"Say, I wonder if there's any one out in this bedlam of a night?"

"If there is, God help him," said the Halfbreed. "He'll last about as long as a snowball in hell."

"Yes, fancy wandering round out there, dazed and desperate; fancy the wind knocking you down and heaping the snow on you; fancy going on and on in the darkness till you freeze stiff. Ugh!"

Again I shuddered. Then, as the other two sat in silence, my mind strayed to other things. Chiefly I thought of Berna, all alone in Dawson. I longed to be back with her again. I thought of Locasto. Where in his wild wanderings had he got to? I thought of Glengyle and Garry. How had he fared after Mother died? Why did he not marry? Once a week I got a letter from him, full of affection and always urging me to come home. In my letters I had never mentioned Berna. There was time enough for that.

Lord! a terrific gust of wind shook the cabin. It howled and screamed insanely through the heaving night. Then there came a lull, a strange, deep lull, deathlike after the mighty blast. And in the sudden quiet it seemed to me I heard a hollow cry.

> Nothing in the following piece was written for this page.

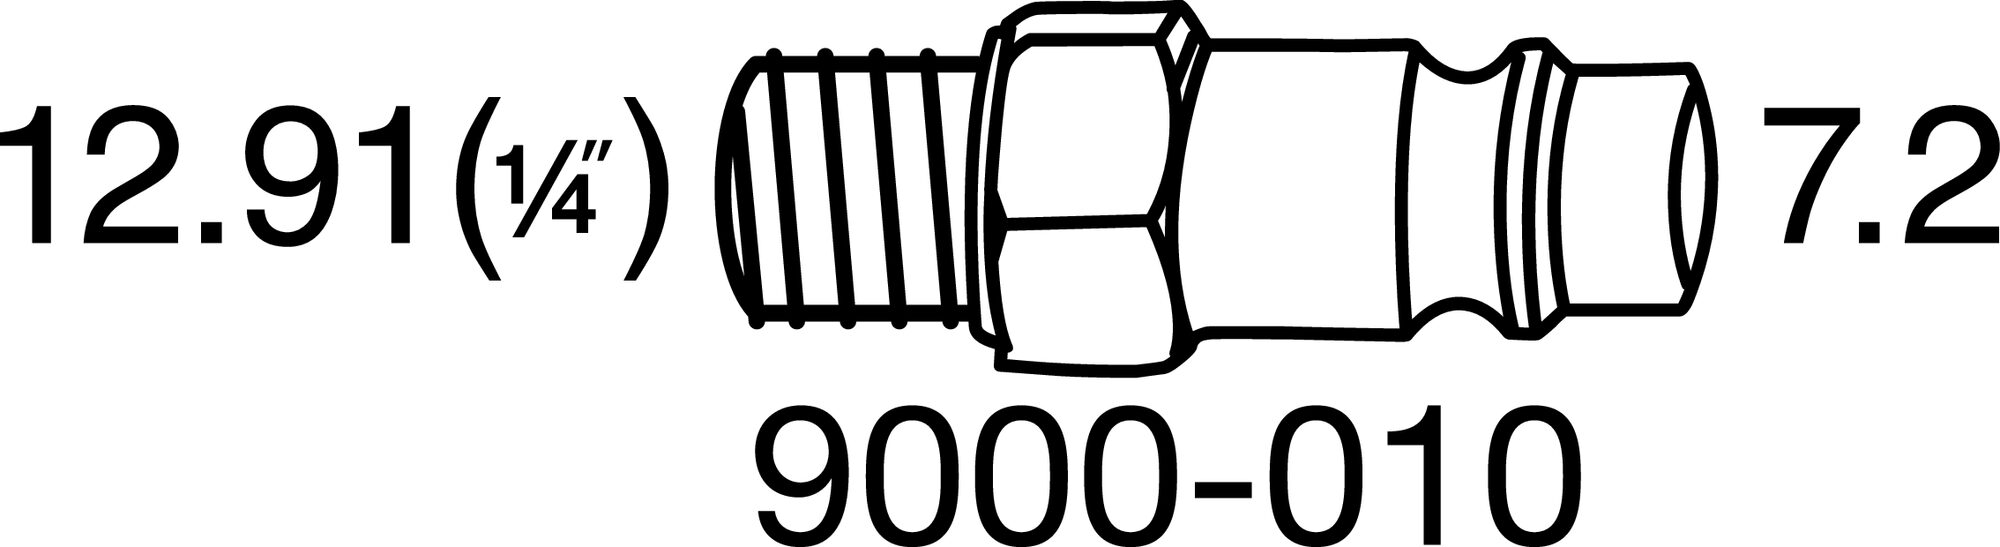 HAZET Stabschleifer ∙ gerade ∙ lang 9032LG-1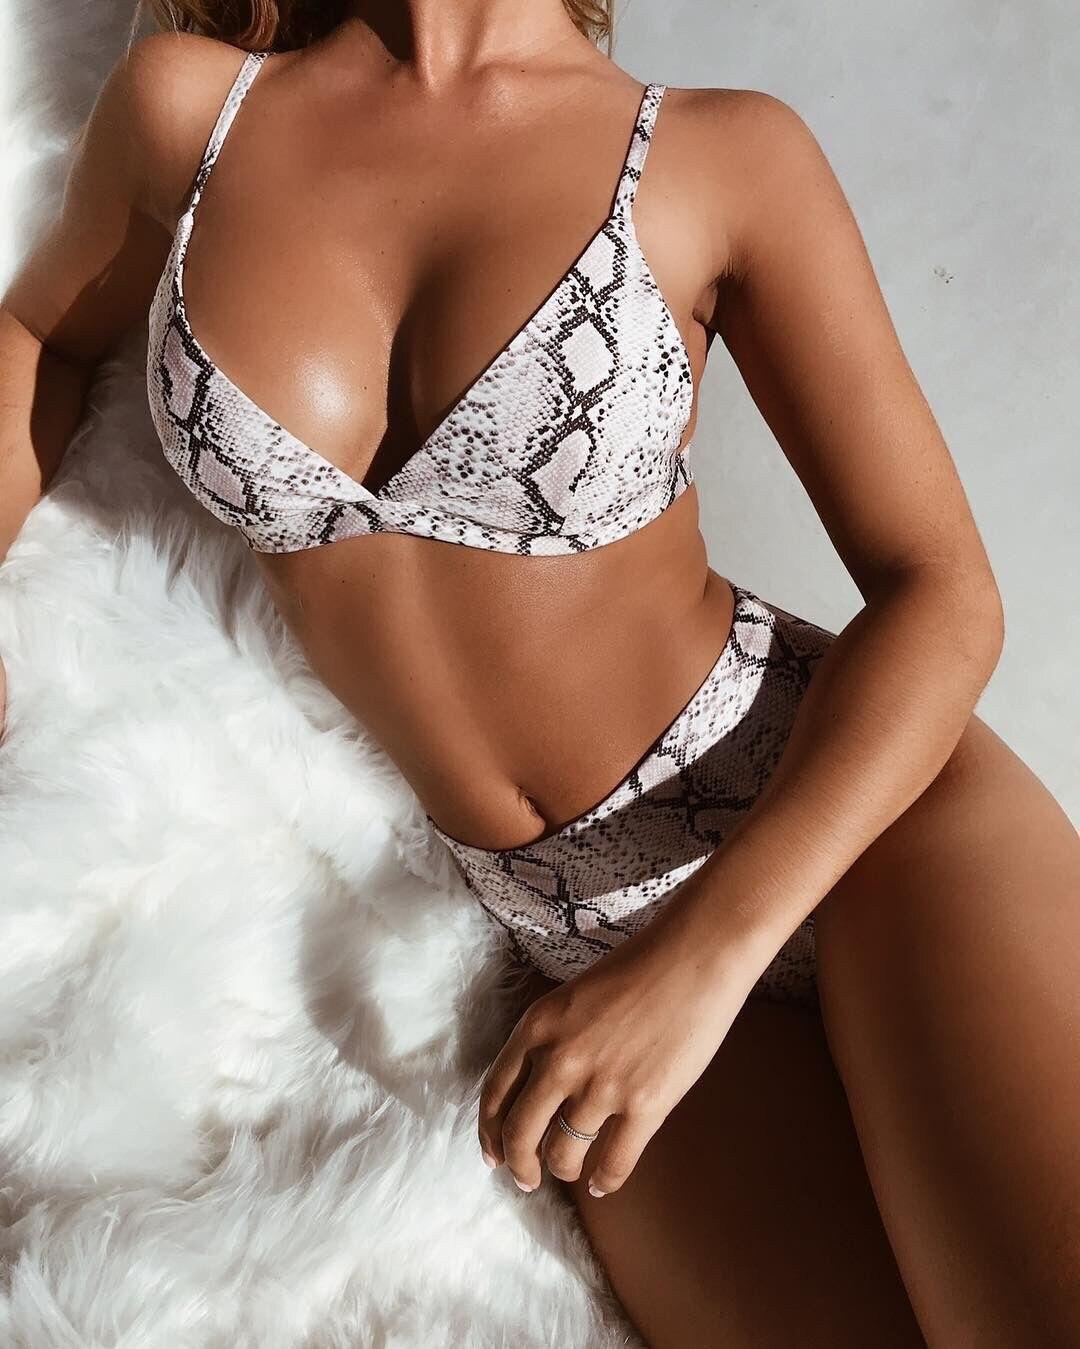 bikinis swimming suit for women bikini 2018 dropshipping new 2018 hot selling sexy bathing suits plus size girls fashion summer in Bikinis Set from Sports Entertainment

"Hist! What was that?" whispered the Halfbreed.

Jim, too, was listening intently.

"Seems to me I heard a moan."

"Sounded like the cry of an outcast soul. Maybe it's the spirit of some poor devil that's lost away out in the night. I hate to open the door for nothing. It will make the place like an ice-house."

Once more we listened intently, holding our breath. There it was again, a low, faint moan.